* _TASK OBJECTIVE_:
Copy, word for word, the lines of the entries below between the one with "London sieht die" and the one with "Leben - Verblüffende", inclusive, and leave out everything else.
--- PROVIDED DATA ---
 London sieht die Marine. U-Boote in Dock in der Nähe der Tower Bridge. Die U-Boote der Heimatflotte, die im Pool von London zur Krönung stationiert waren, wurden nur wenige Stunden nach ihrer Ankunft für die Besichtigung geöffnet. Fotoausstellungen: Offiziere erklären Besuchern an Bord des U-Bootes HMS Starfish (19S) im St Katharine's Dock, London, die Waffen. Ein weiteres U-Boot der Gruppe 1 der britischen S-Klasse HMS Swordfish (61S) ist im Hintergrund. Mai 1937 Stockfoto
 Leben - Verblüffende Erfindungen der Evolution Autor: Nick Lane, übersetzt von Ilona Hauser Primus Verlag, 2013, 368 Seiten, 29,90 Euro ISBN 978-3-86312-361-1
---
--- PROVIDED DATA ---
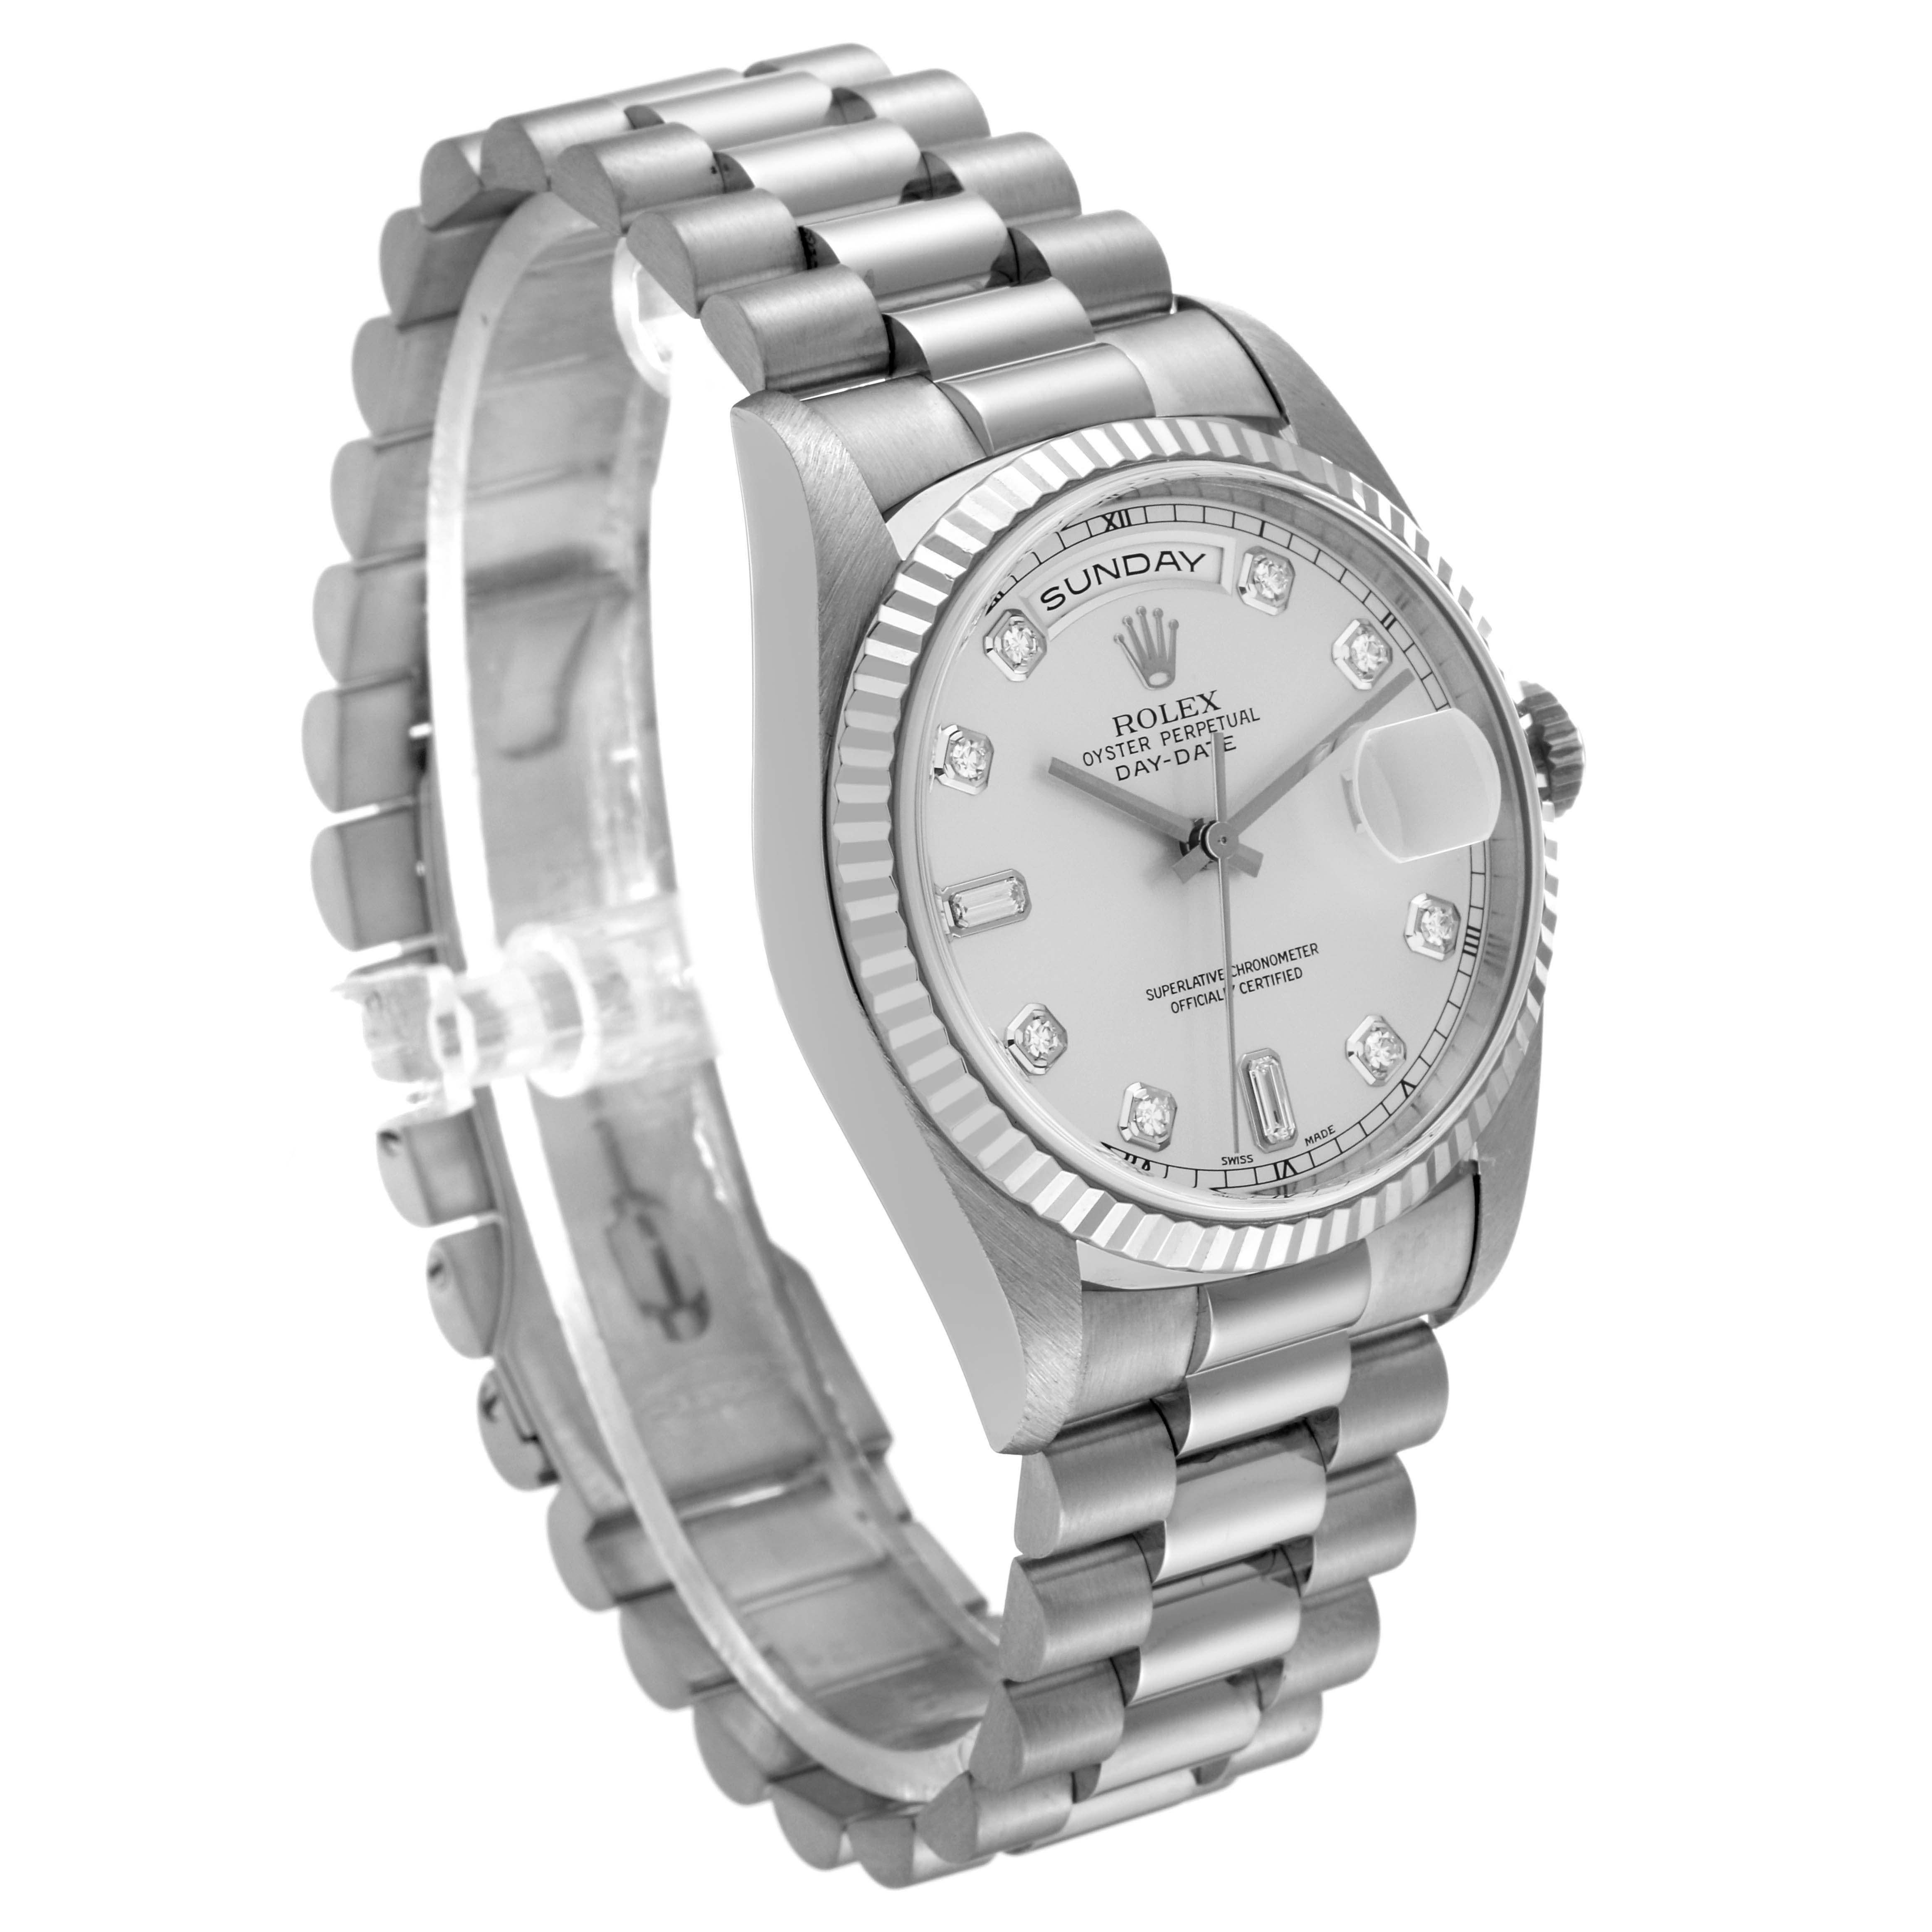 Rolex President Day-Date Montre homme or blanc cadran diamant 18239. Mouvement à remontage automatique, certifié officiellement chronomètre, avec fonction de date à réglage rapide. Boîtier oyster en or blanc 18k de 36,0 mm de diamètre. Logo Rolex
---
--- PROVIDED DATA ---
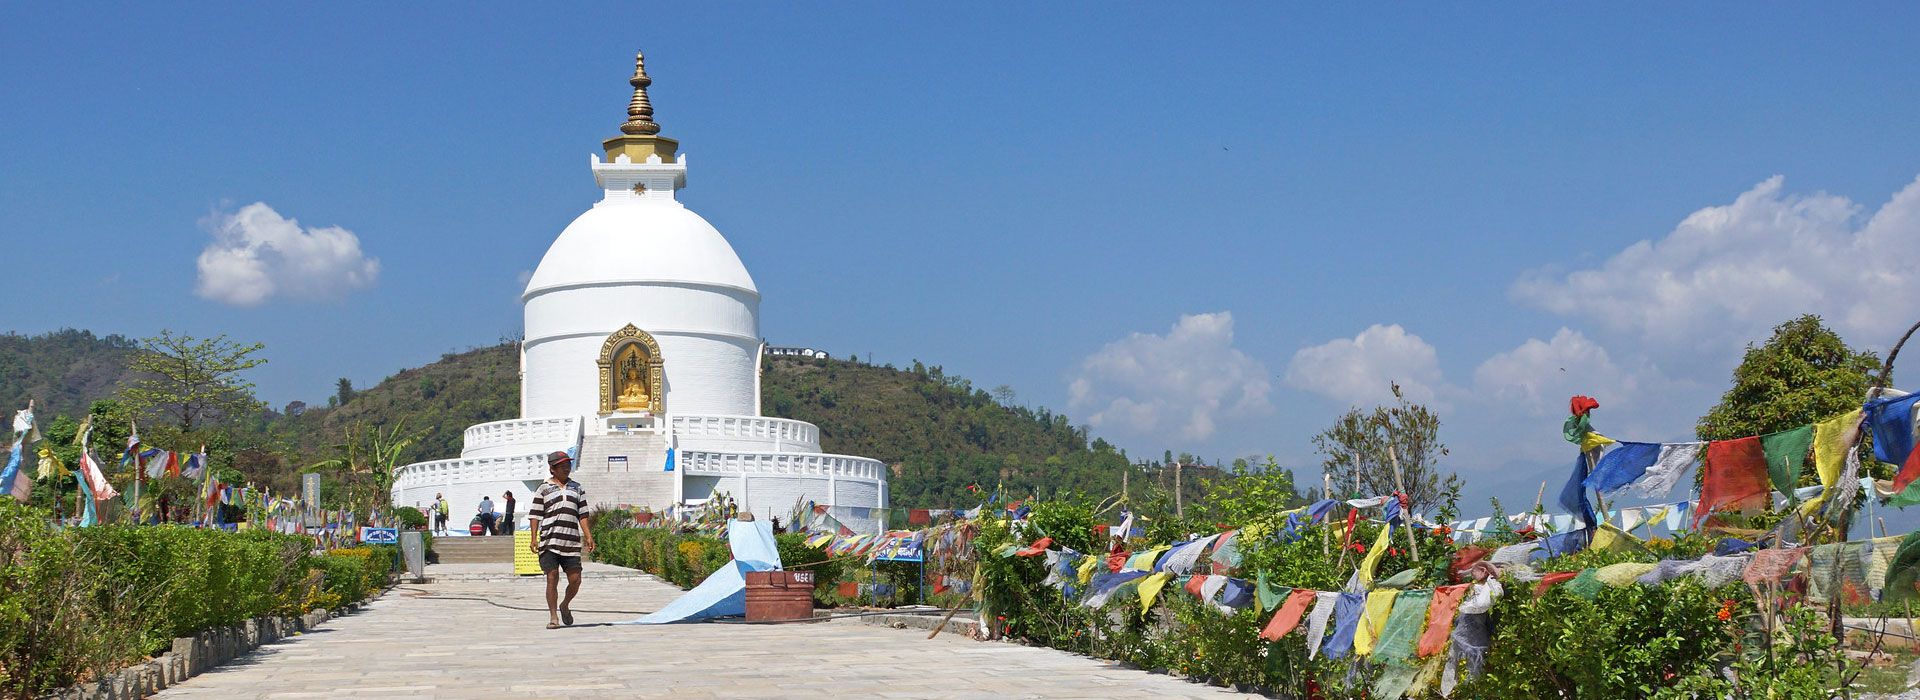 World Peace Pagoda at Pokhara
---
* _RESPONSE TO THE TASK_:
 London sieht die Marine. U-Boote in Dock in der Nähe der Tower Bridge. Die U-Boote der Heimatflotte, die im Pool von London zur Krönung stationiert waren, wurden nur wenige Stunden nach ihrer Ankunft für die Besichtigung geöffnet. Fotoausstellungen: Offiziere erklären Besuchern an Bord des U-Bootes HMS Starfish (19S) im St Katharine's Dock, London, die Waffen. Ein weiteres U-Boot der Gruppe 1 der britischen S-Klasse HMS Swordfish (61S) ist im Hintergrund. Mai 1937 Stockfoto
 Leben - Verblüffende Erfindungen der Evolution Autor: Nick Lane, übersetzt von Ilona Hauser Primus Verlag, 2013, 368 Seiten, 29,90 Euro ISBN 978-3-86312-361-1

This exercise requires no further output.